> [Data section]
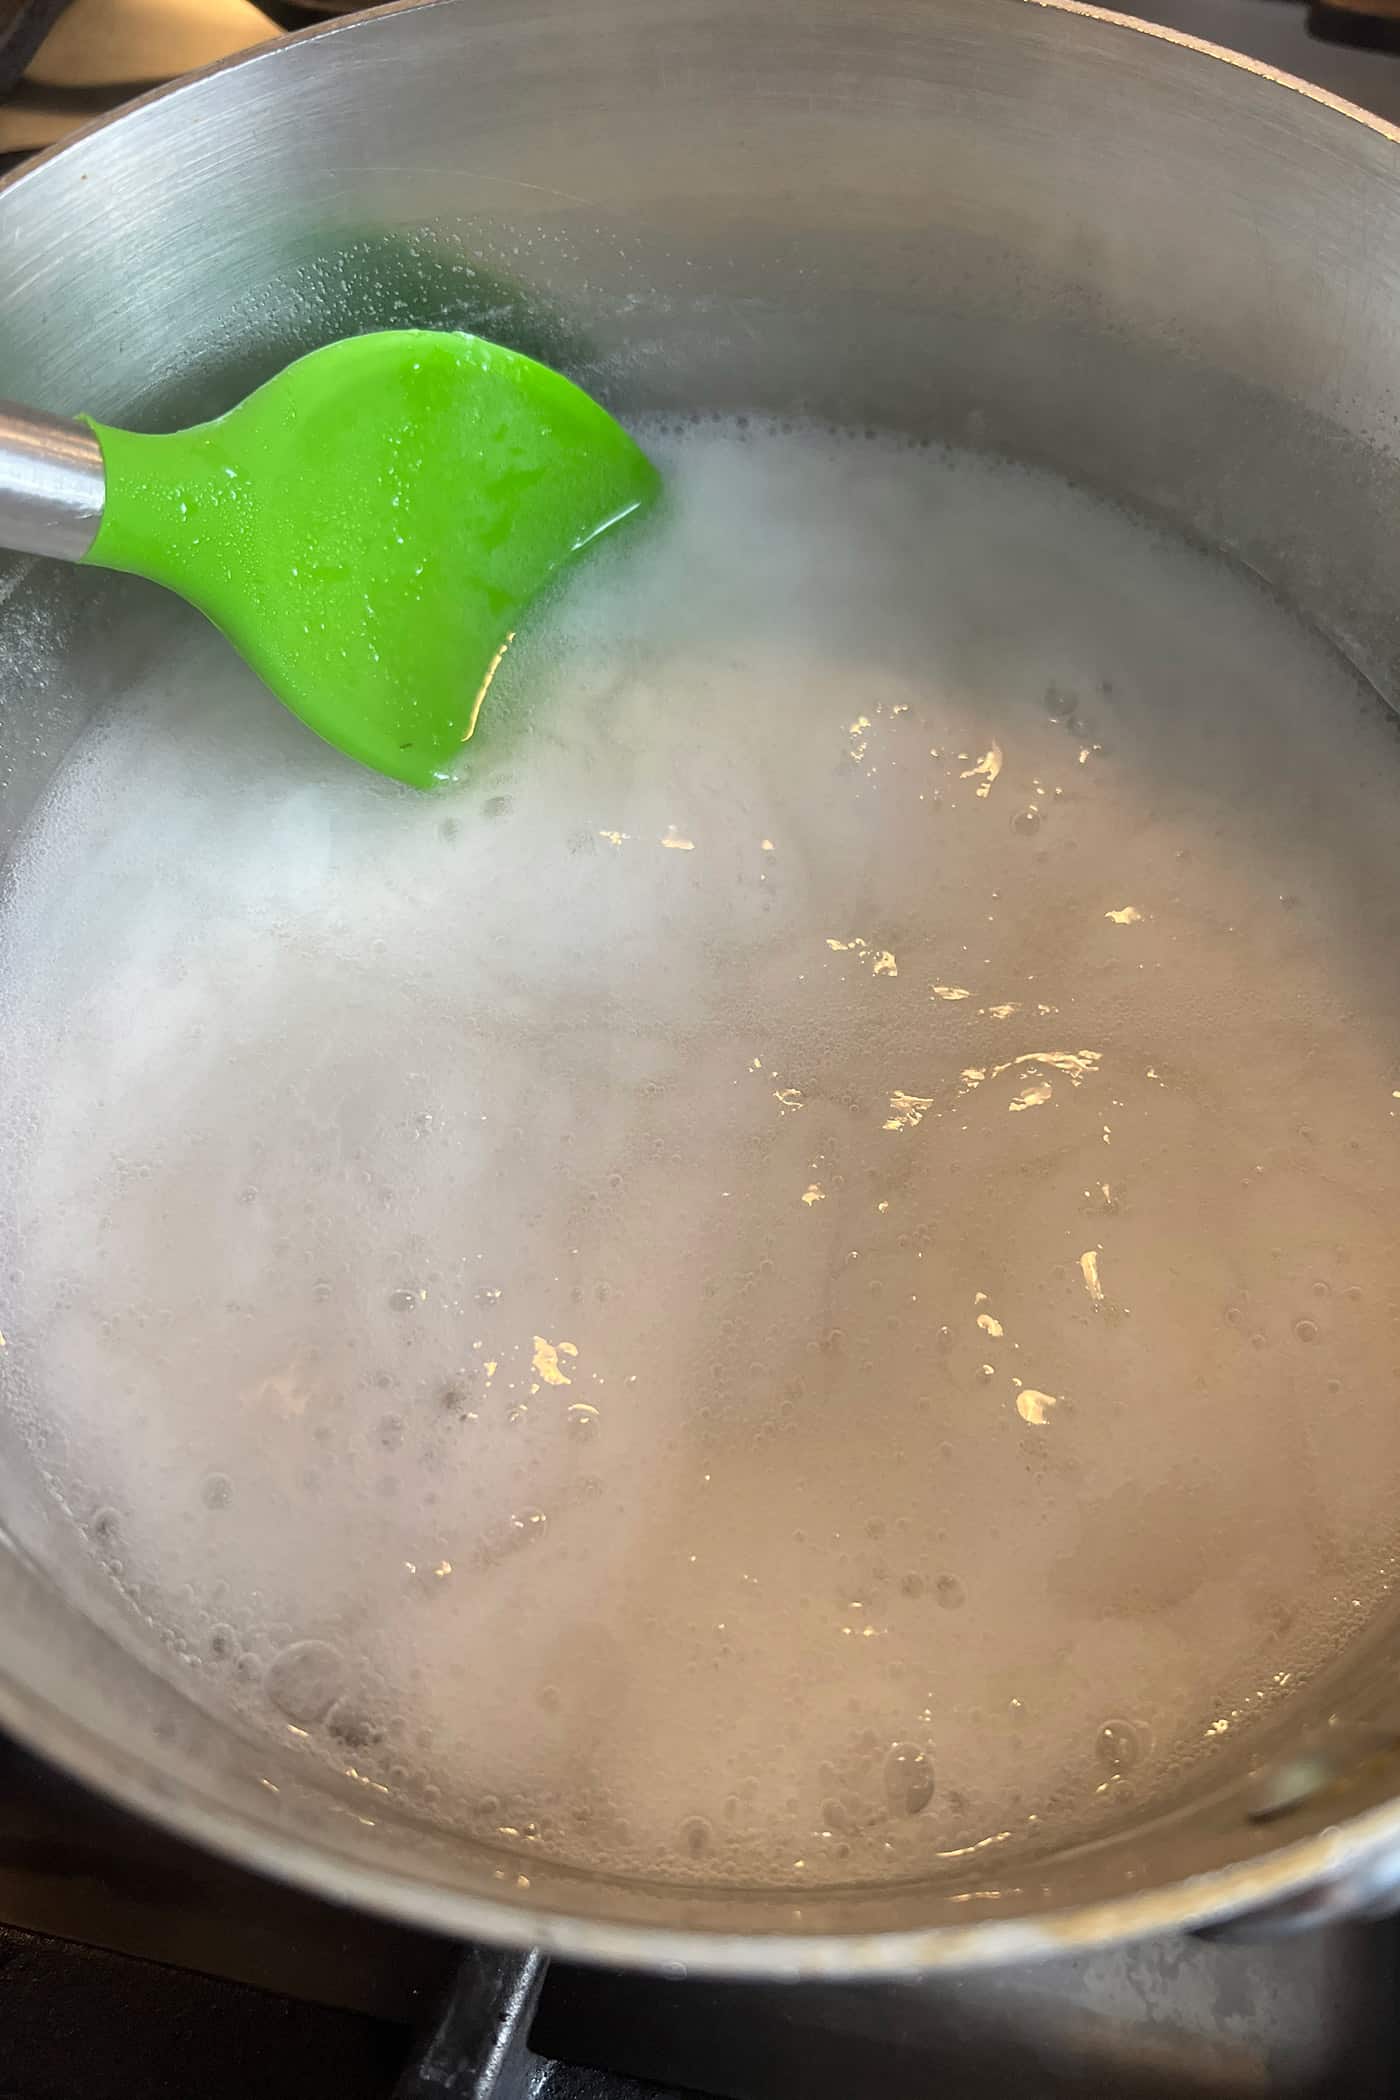 boiling the water and pectin mixture
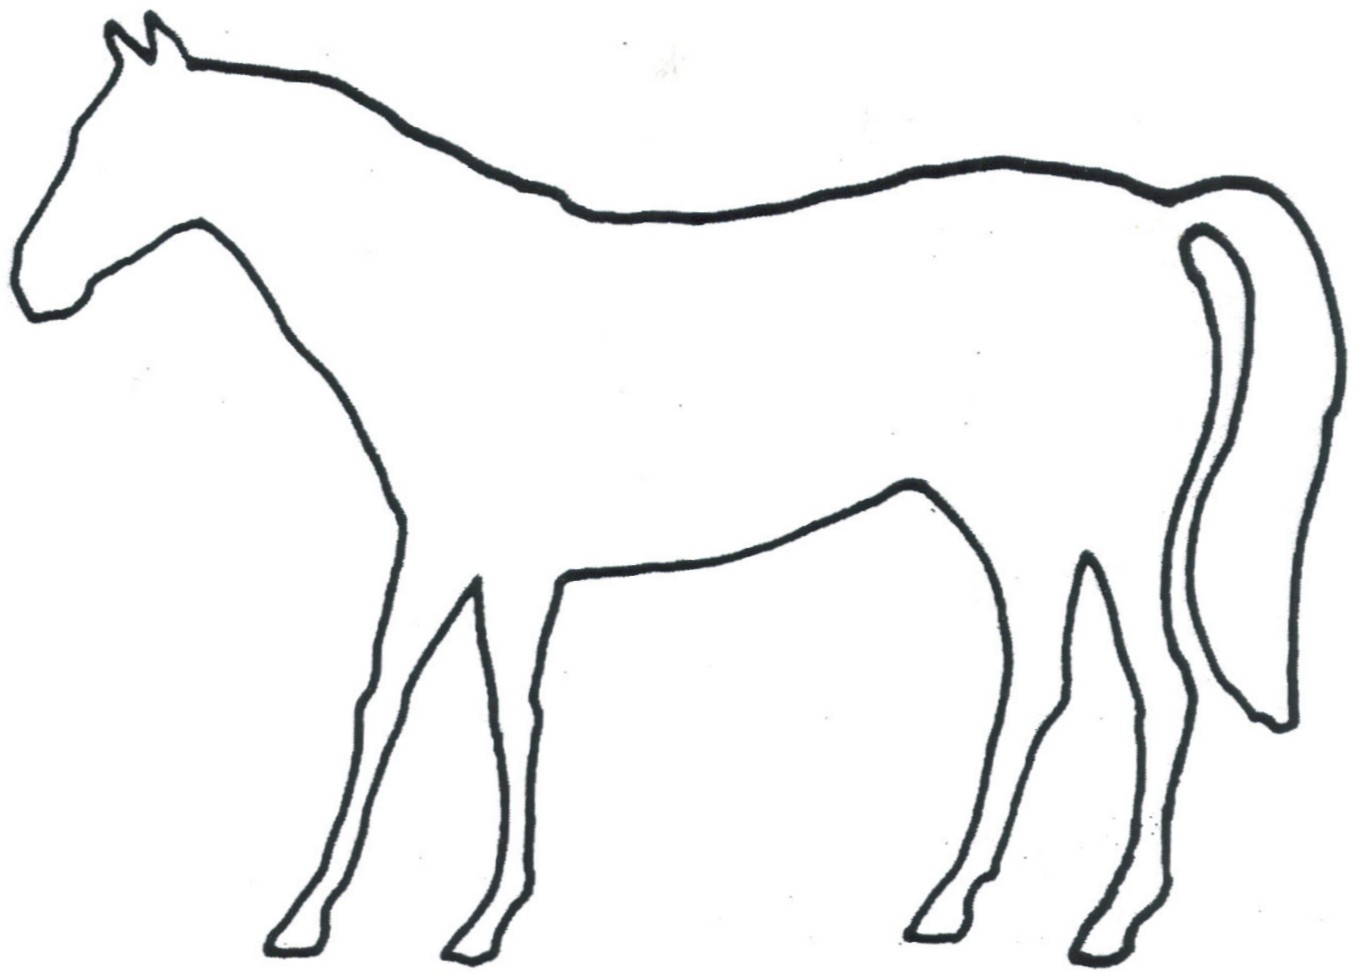 Free Outline Drawings Of Animals, Download Free Outline Drawings Of
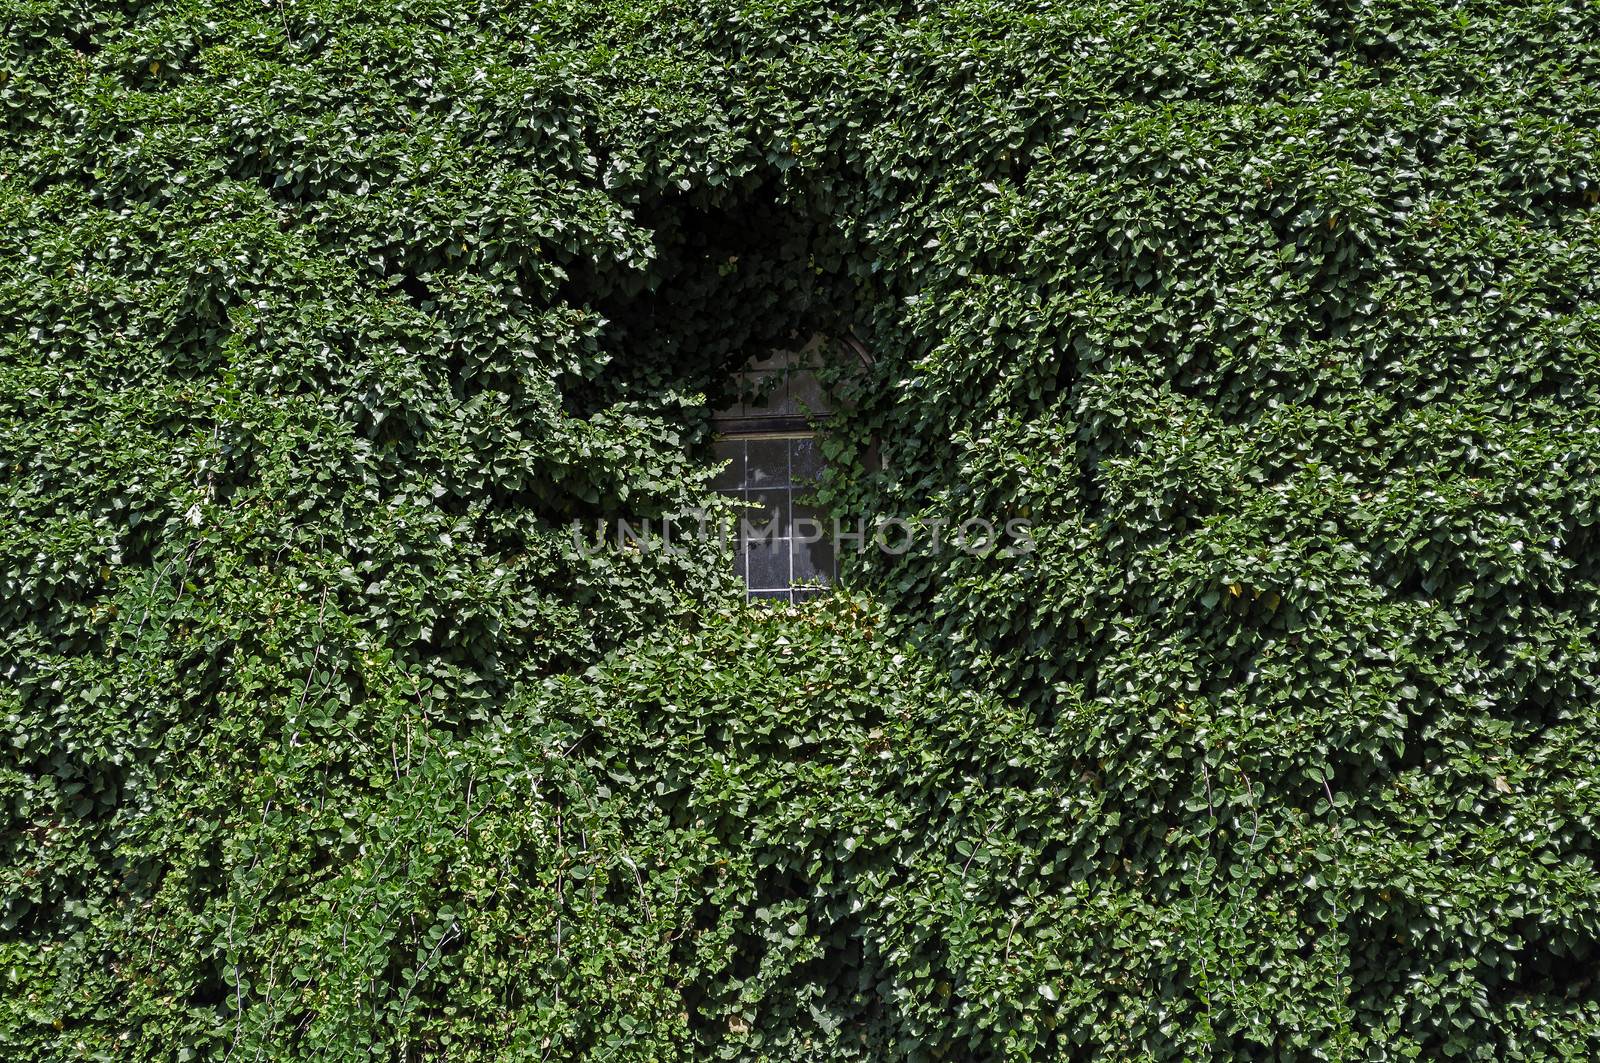 Ivy covered window. by FER737NG

> [Task instructions]
Since only the text is needed, retype the data above exactly and omit the pictures.

> [Task answer]
 boiling the water and pectin mixture
 Free Outline Drawings Of Animals, Download Free Outline Drawings Of
 Ivy covered window. by FER737NG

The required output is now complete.